Inflation data released on Thursday did little to change investor expectations.
Sterling fell sharply on news the British economy grew slower than first thought in the first quarter, intensifying speculation of a Bank of England rate cut.
"The question is if (the Fed) changes their remarks of anything in their inflation statement," said Andreas Mann, principal at FrankfurtFX, a hedge fund.
"And the UK data overnight had a great impact on the market." The US central bank's policy statement is due out at 2:15 pm EDT (1815 GMT). The prospect of a rise has added to the dollar's rate allure compared with the euro, Swiss franc and the yen.
The dollar reached its highest value against the yen since October at 110.88, up nearly 0.4 percent from late US levels. The dollar was up 0.1 percent at 1.2829 Swiss francs.
The euro was at $1.2079, little changed from the prior US close and a cent above 10-month lows set last week. "Yield is at play here. I don't think the market wants to miss out on any dollar move after the Fed," said Derek Halpenny, currency economist at Bank of Tokyo Mitsubishi.

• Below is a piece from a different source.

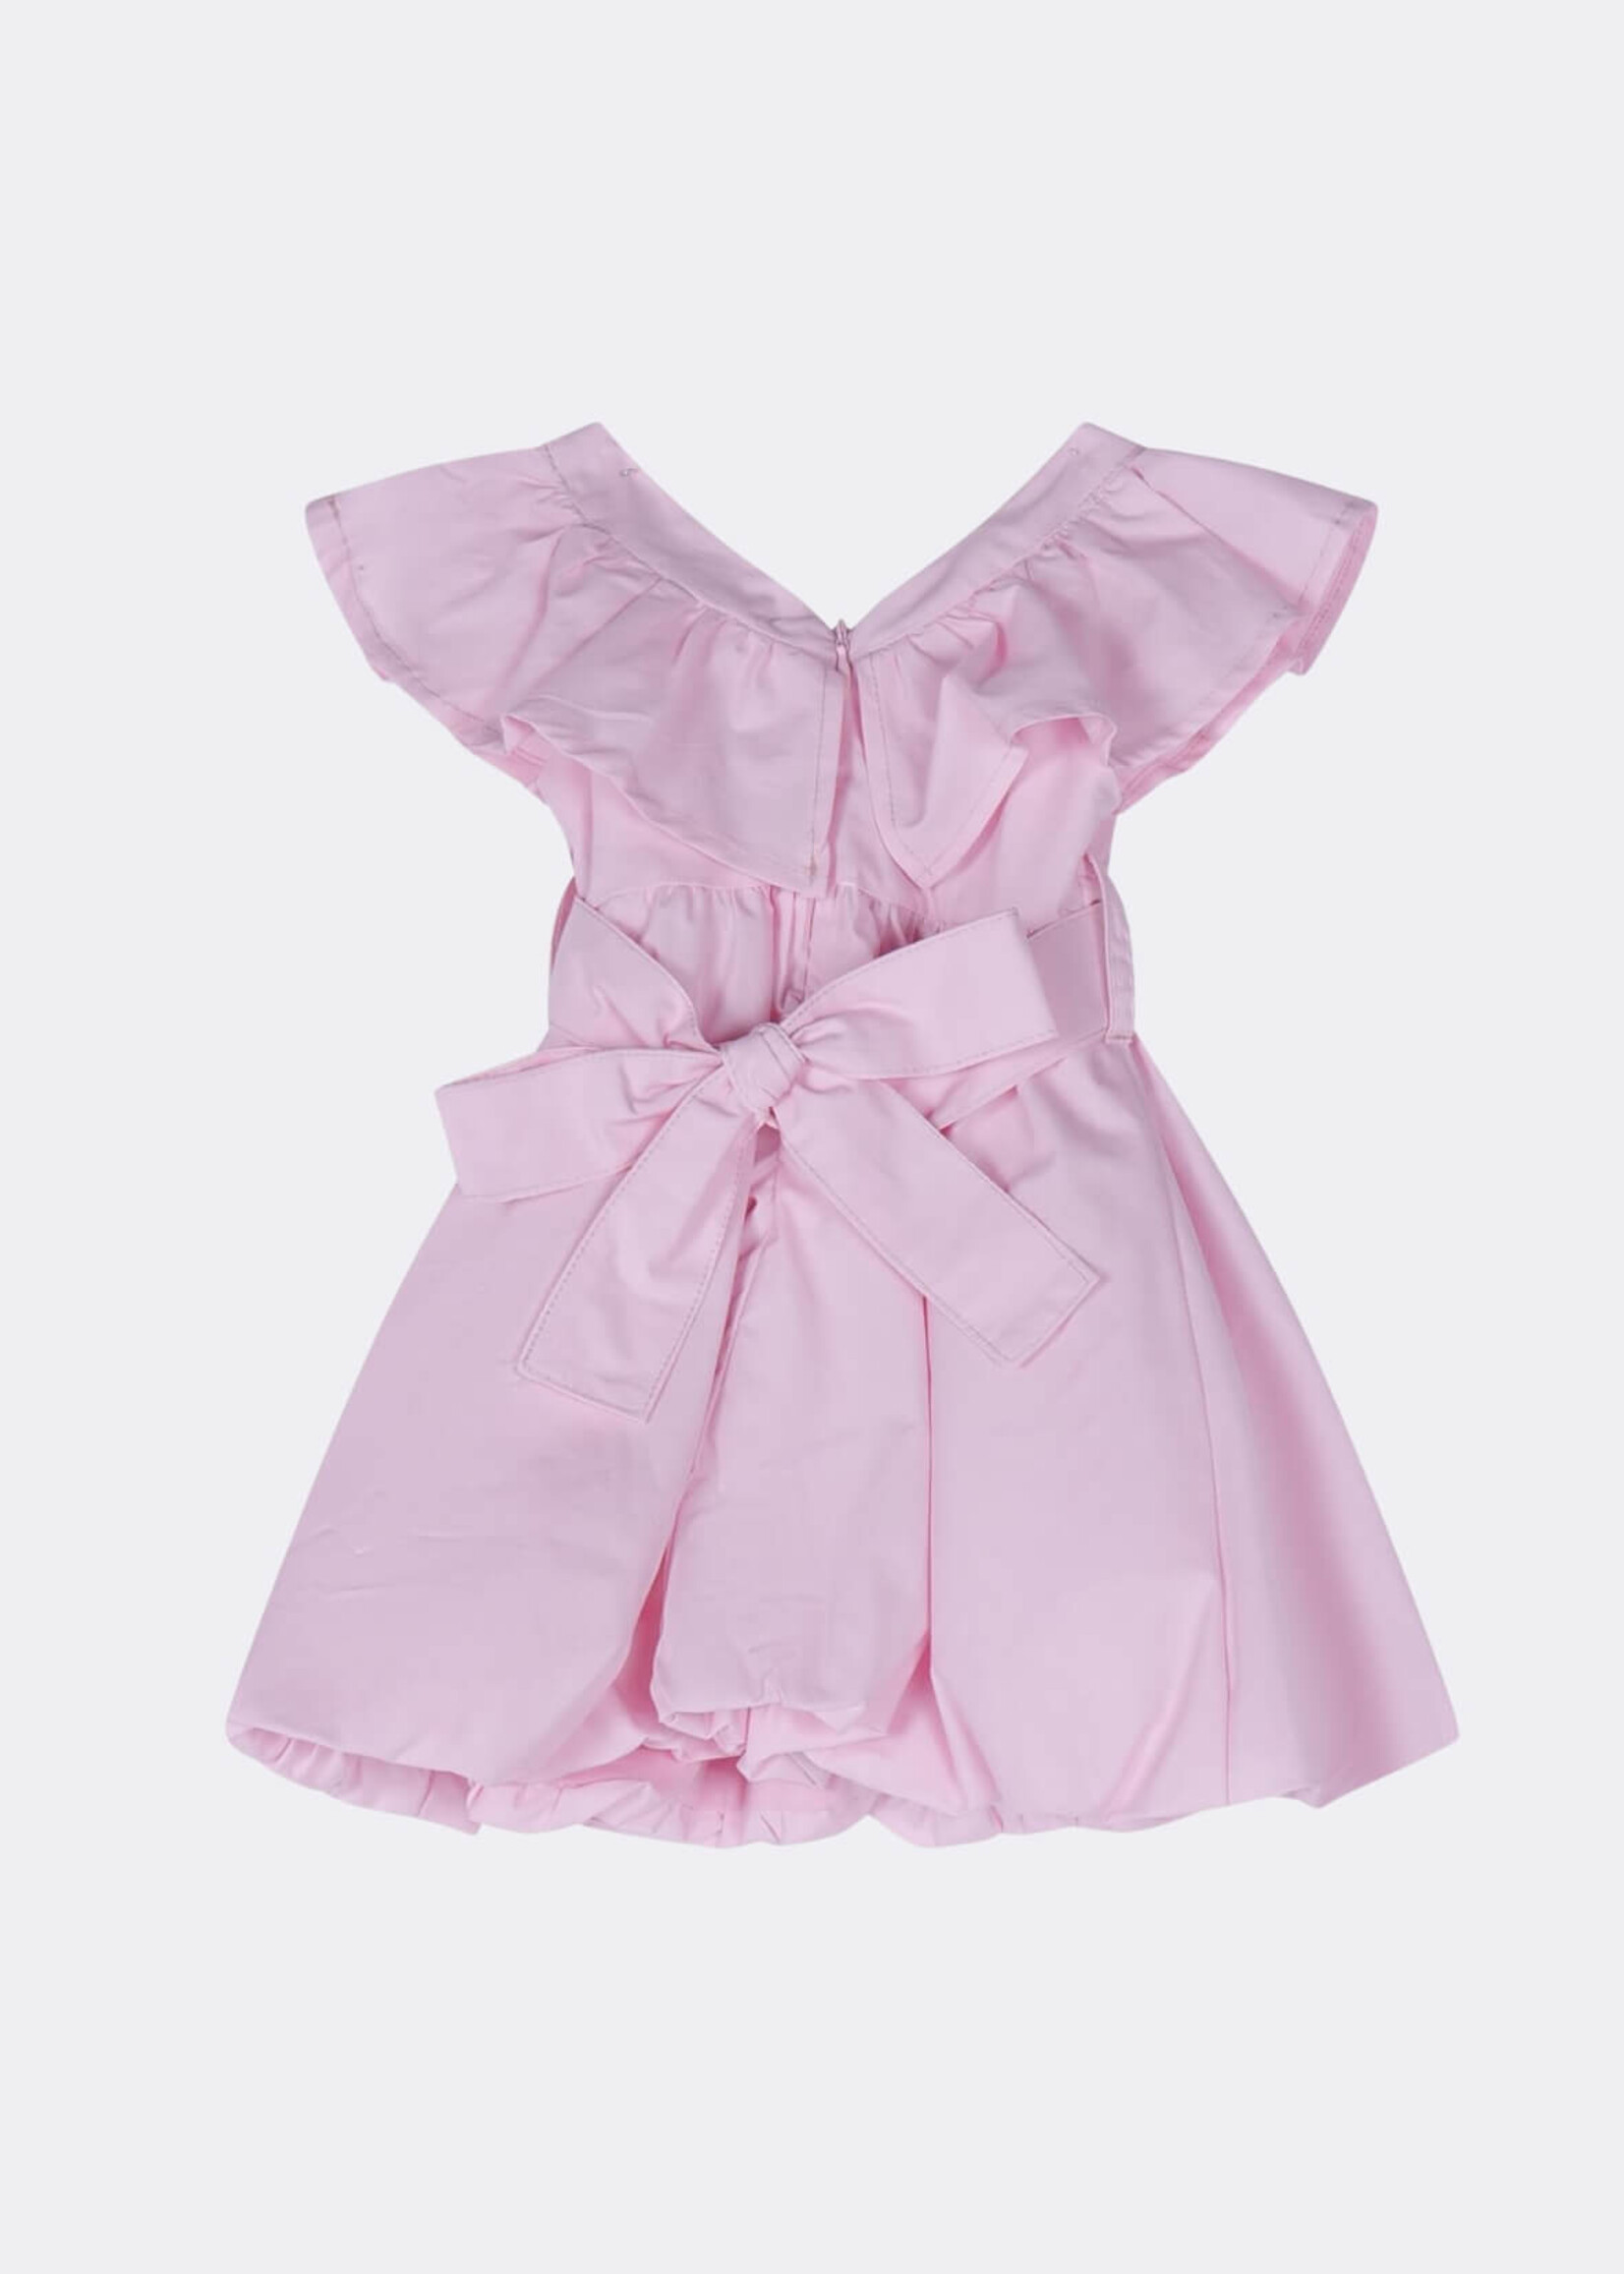 Fun & Fun Pink Dress Baby

The pound plunged against the dollar and the euro after the final reading of first quarter gross domestic product was revised down to 0.4 percent from 0.5 percent and annual growth was cut to 2.1 percent from 2.7 percent.

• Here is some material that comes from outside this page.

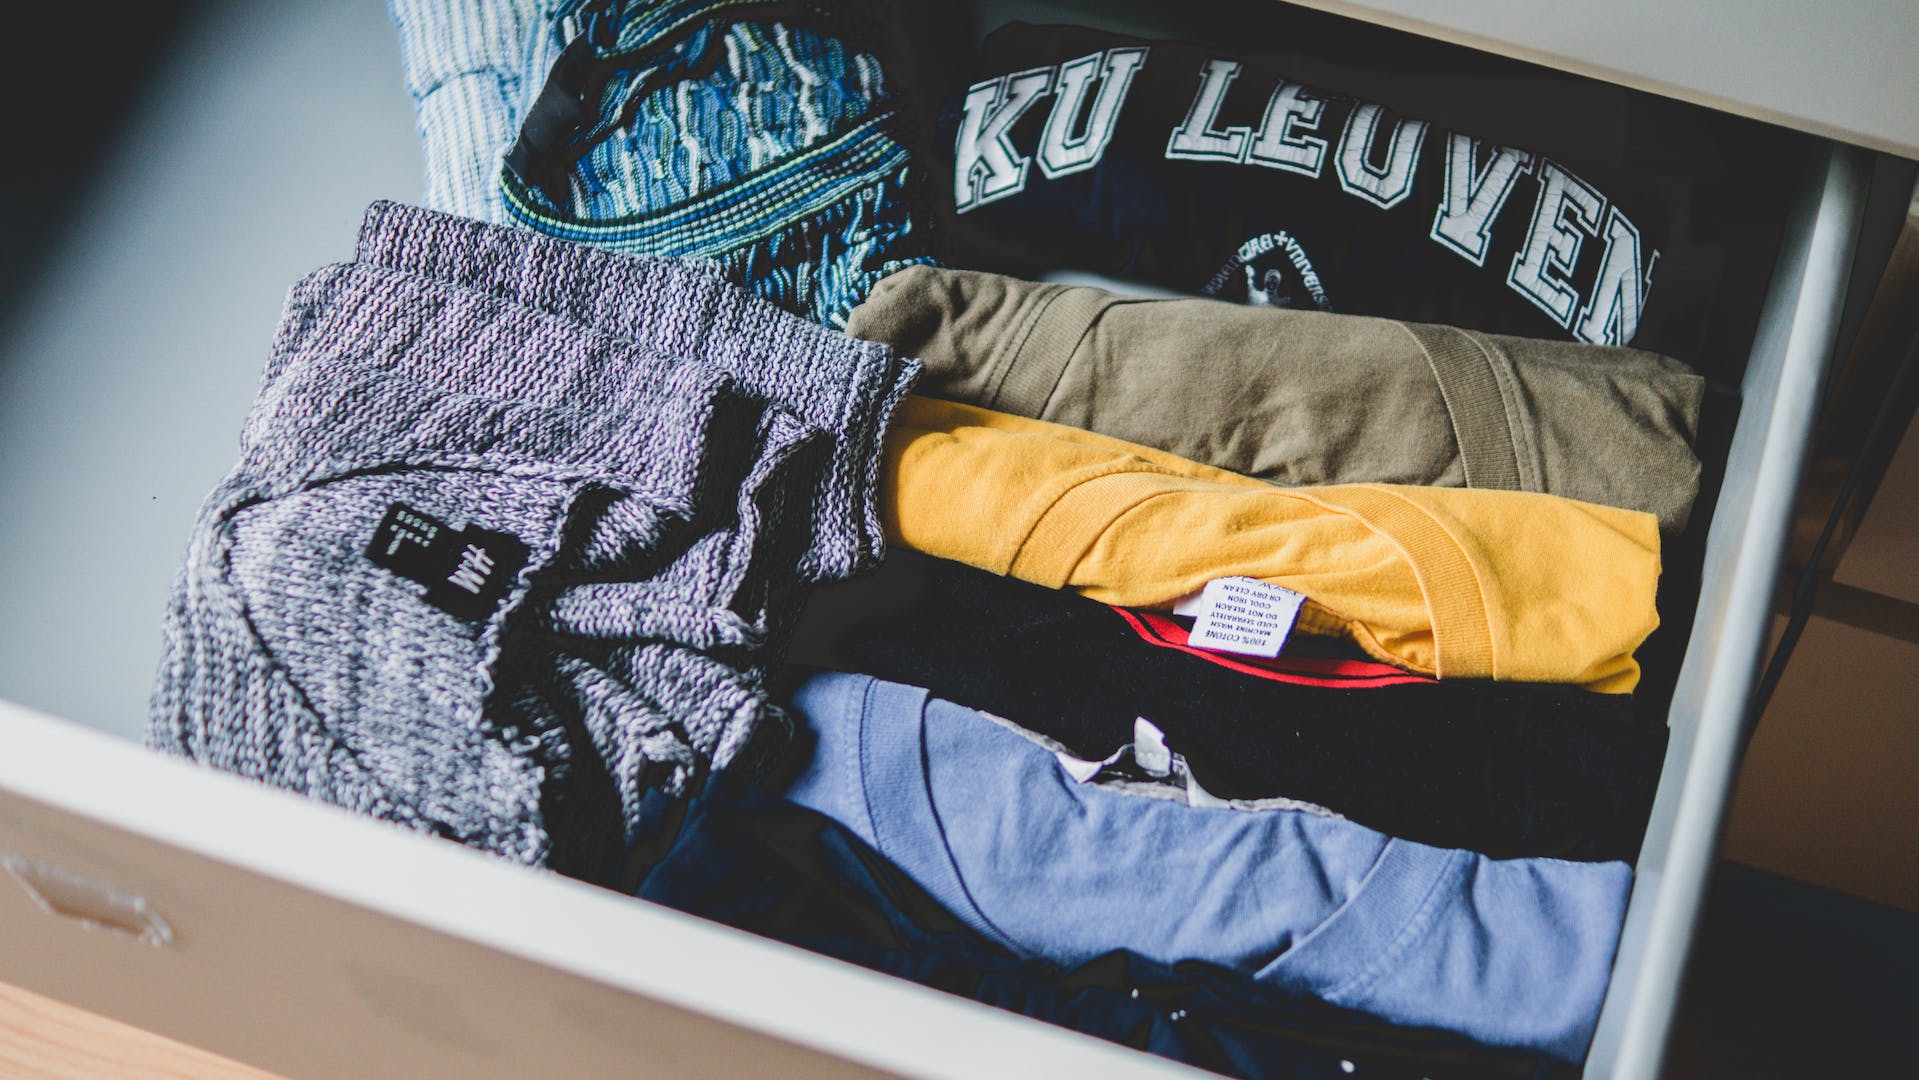 Chemises colorées pliées placées dans un tiroir | Source : Pexels

Sterling hit its lowest levels since mid-October at $1.7904 before recovering slightly to $1.7911. The pound fell 0. 9 percent against the euro to 67.41 pence per euro.
The poor growth data came on top of Wednesday's weak retail sales figures and stirred expectations for a Bank of England interest rate cut from the current 4.75 percent.
Elsewhere, the New Zealand dollar fell to a five-month low of US$0.6931 before recovering some of its losses to trade at $0.6942. Both the New Zealand dollar and the pound have benefited from relatively high interest rates.
New Zealand has the highest cost of borrowing in the industrialised world at 6.75 percent.
Rising US rates, combined with Europe's struggling economy and political upheaval, have helped spark a dollar rally, driving the currency up 11 percent against the euro and nearly 8 percent against the yen this year.
Much focus is on the statement's wording and whether the Fed repeats that it expects to keep tightening policy at a "measured" pace or removes the word, which some officials have called for to give the central bank more flexibility.
Euro zone rates have been stuck at 2 percent for more than two years and speculation is rife the next move could be a cut, while rates in Japan are seen staying near zero for a while.
US consumer spending was flat in May, coming in slightly weaker than expected, government data showed on Thursday, while the core personal consumption expenditure index for May advanced 0.2 percent as expected after gaining 0.1 percent in April.
"I don't think this is going to be a big deal ahead of the FOMC statement," said Todd Elmer, foreign exchange strategist, Barclays Capital.
"Looking ahead to the statement, the key questions are whether they retain 'measured' and 'accommodative' and whether they reemphasis that pricing pressures are more evident."